Trying to source this speaker in the uk is a tad problematic. There are items available but I’m not paying out two to three times the value of the whole unit. I’m going to try some thrift shops to see if there are any suitable donor units available if not I’ll have to purchase a few of them from China, and that will still be cheaper than purchasing here in the UK, crazy isn’t it? But it’s a long wait….

I did manage to get one from the Uk. Paid about £5.18GBP and it should be here in a couple of days. The annoying thing is that the postage is almost the same cost as the actual speaker and that only cost £2.69GBP. Annoying though that is, it has to be done if we want to get this fixed.

I couldn’t get a 1w 4 ohm speaker only a 1w 8 ohm speaker, this will be fine as at this level of use it will not affect output at all.

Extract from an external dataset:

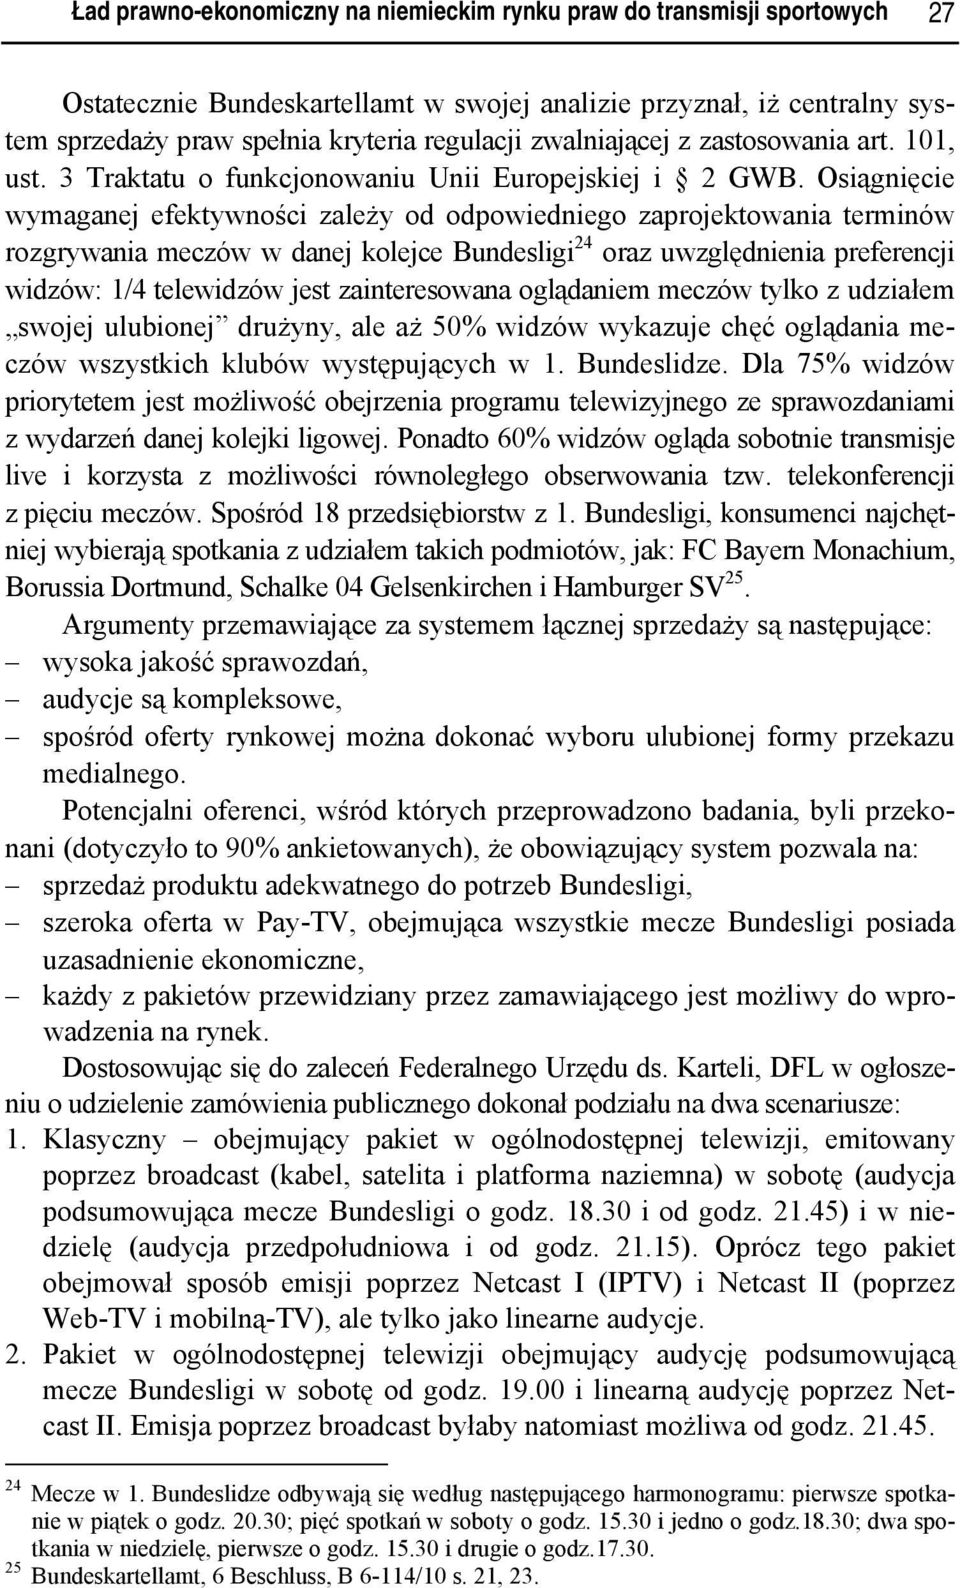 Osiągnięcie wymaganej efektywności zależy od odpowiedniego zaprojektowania terminów rozgrywania meczów w danej kolejce Bundesligi 24 oraz uwzględnienia preferencji widzów: 1/4 telewidzów jest

A small bit of desoldering, removal of the speaker clamp and the speaker comes away after a little persuasion. I take the opportunity to clean the board and all the battery contacts with some cleaner, and all corrosion marks and debris are now a thing of the past.

Corrosion cleaned

I put some contact adhesive on the speaker grill and put the new speaker in place, clamp is attached and I now solder the speaker wires back in place.

All screws back in place, new batteries in the rear and battery hat hatch closed, the unit looks good.

But does it work?

Radio works – have a listen

You betcha! Have a listen to the short video above to hear it as it should be.

I’m very pleased with this little project. Simple repair in the end but in my eyes it’s another item that isn’t going to landfill. And that’s a win for me, as it’s a nice little radio and I’m going to get some good use out of this.